Smores Sandwich Cookies

Eric loves sandwich cookies--Golden Oreos to be exact. We have to buy some every time we hit the grocery store so he can have them in his lunch. As I was making my Smores Cookie Cups, I realized that I could easily transform the same recipe into sandwich cookies for Eric!

Like the Smores Cookie Cup, this recipe calls for refrigerated sugar cookie dough. While I love refrigerated chocolate chip cookie dough, I don't really like refrigerated sugar cookie dough; it just doesn't taste right to me. I used my sugar cookie recipe (see below). But if you like the store-bought stuff, I say use it! It makes these cookies so much easier!


Ingredients:
1 package Ready to Bake Pillsbury Sugar Cookies (or this sugar cookie recipe, halved)
8 tablespoons chocolate spread (I used Hershey, but Jiffy makes one too)
8 tablespoons marshmallow fluff
3 graham crackers, crumbled

Directions:
Preheat oven to 350 degrees if using refrigerated cookie dough. (If using my sugar cookie recipe, preheat to 375 degrees). Grease a cookie sheet with cooking spray.

Place crumbled graham crackers in a bowl. You can crumble them as fine or as coarse as you like.

Separate the refrigerated cookie dough (if using the scratch recipe, roll out dough to about 1/4 to 1/8-inch thickness and use a shot glass to cut out little circles) and pressed each piece into the crumbs. Place cookies on cookie sheet.

Bake for approximately 15 minutes at 350 or 7-8 minutes at 375 (for scratch).

Allow the cookies to cool on the cookie sheet for about 5 minutes, then transfer to a wire rack to cool completely.

Once cooled, spread about 1 teaspoon of marshmallow fluff on 12 of the cookie bottoms. Spread 1 teaspoon of chocolate spread on the bottoms of the other 12 cookies. Place the cookies with the marshmallow fluff back on the cookie sheet, marshmallow side up. (You DO NOT want the chocolate spread to go into the oven--it doesn't melt, it burns. I learned this the hard way with my first batch. Make sure to put the chocolate spread and marshmallow fluff on separate cookies!)

Set oven to broil and pop the cookies back into the oven to toast the marshmallow. This only takes about 30 seconds so don't walk away or even look away from your cookies or else you risk burning them. When the marshmallow reaches the desired shade of golden brown, remove from oven.

Immediately assemble your cookies, matching up a chocolate spread cookie with a marshmallow cookie. 

Serve or store in an airtight container at room temperature.





Enjoy!

~Krissy

More Smores Recipes:
Smores Wontons 
Smores Cookies!
Smores Pie
Peep Smores 
Cinnamon Toast Crunch Smores

Smores Cookie Cups

So after I made Cinnamon Toast Crunch Smores, I kind of had smores on the brain and ended up making two different types of smores cookies: Smores Cookie Cups and Smores Sandwich Cookies. Both made with the same ingredients, both completely addicting. Seriously, I couldn't eat just one.

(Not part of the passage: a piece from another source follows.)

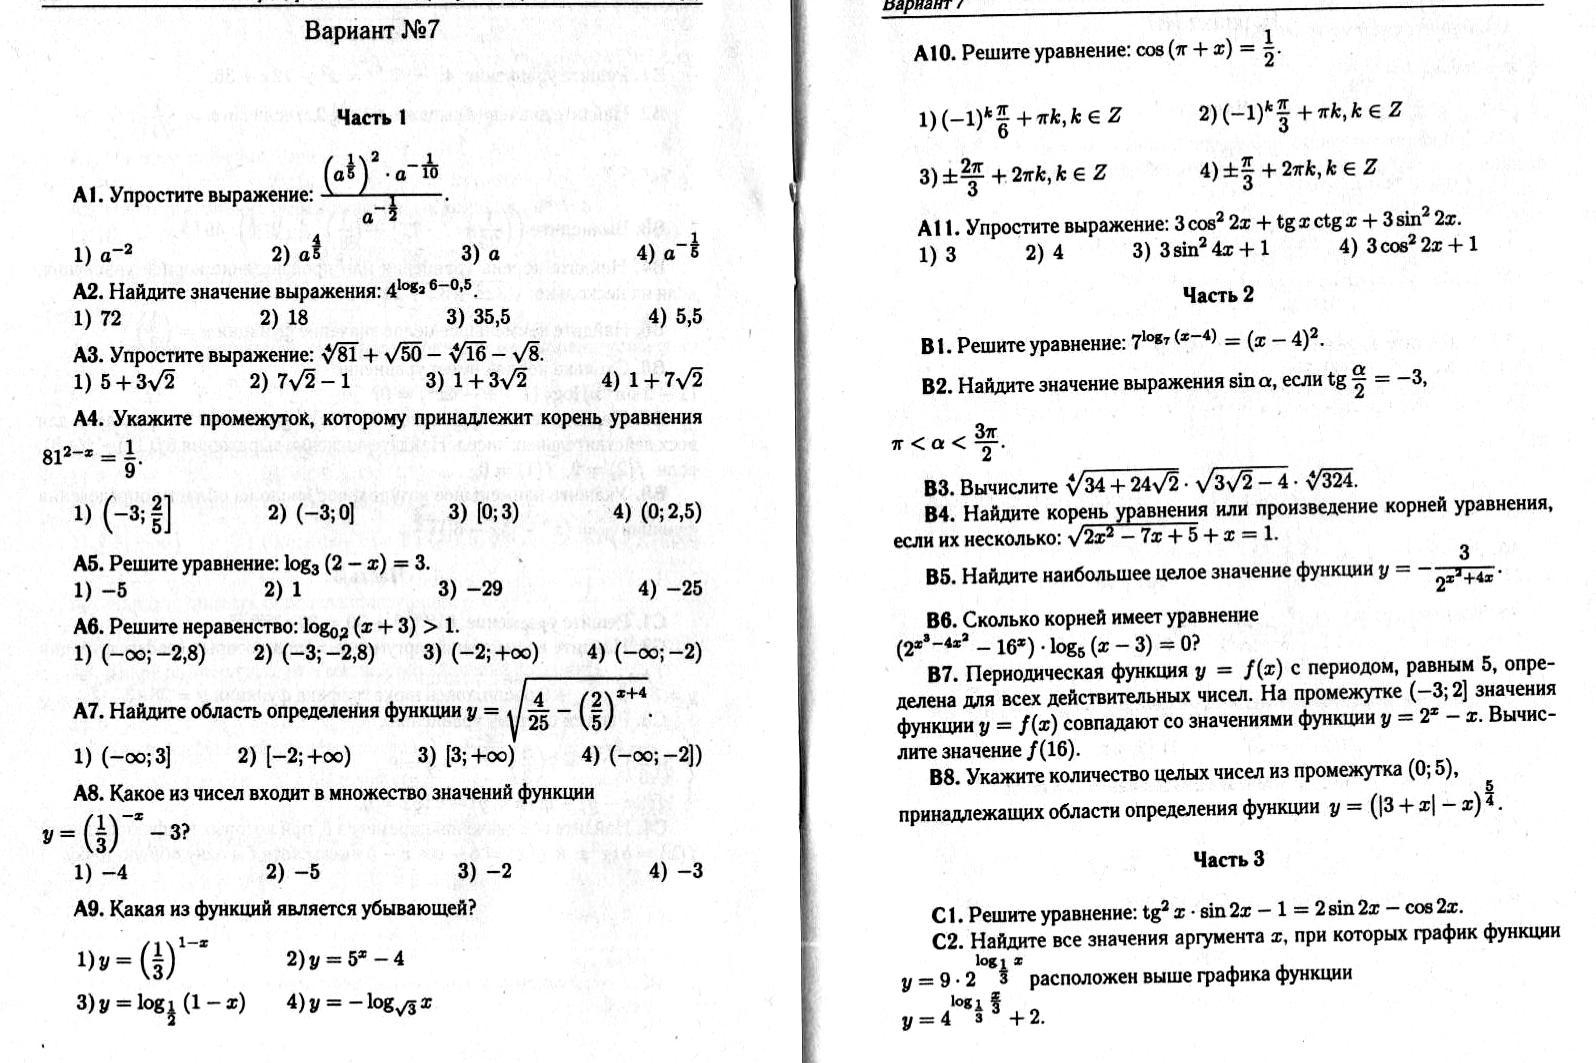 Онлайн тесты по алгебре 9 класс за 1 полугодие

This recipe is also super simple. However, I made it a little bit more difficult. The recipe calls for refrigerated sugar cookie dough. Now, I love refrigerated chocolate chip cookie dough, but I'm not a huge fan of refrigerated sugar cookie dough; it just doesn't taste right to me, so I used my sugar cookie recipe (see below). But if you like the store-bought stuff, I say use it! It makes these cookies so much simpler!

Recipe adapted from here.



Ingredients:
1 package Ready to Bake Pillsbury Sugar Cookies (or this sugar cookie recipe, halved)
4 tablespoons chocolate spread (I used Hershey, but Jiffy makes one too)*
4 tablespoons marshmallow fluff
3 graham crackers, crumbled

Directions:
Preheat oven to 350 degrees if using refrigerated cookie dough. (If using my sugar cookie recipe, preheat to 375 degrees). Grease a two mini muffin tin with cooking spray.

Place crumbled graham crackers in a bowl. You can crumble them as fine or as coarse as you like.

Roll each section of refrigerated cookie dough (approximately a tablespoon of cookie dough from scratch) into a ball. Roll each ball into the graham cracker crumbs and place in the muffin tin.

Bake for approximately 15 minutes at 350 or 7-8 minutes at 375 (for scratch).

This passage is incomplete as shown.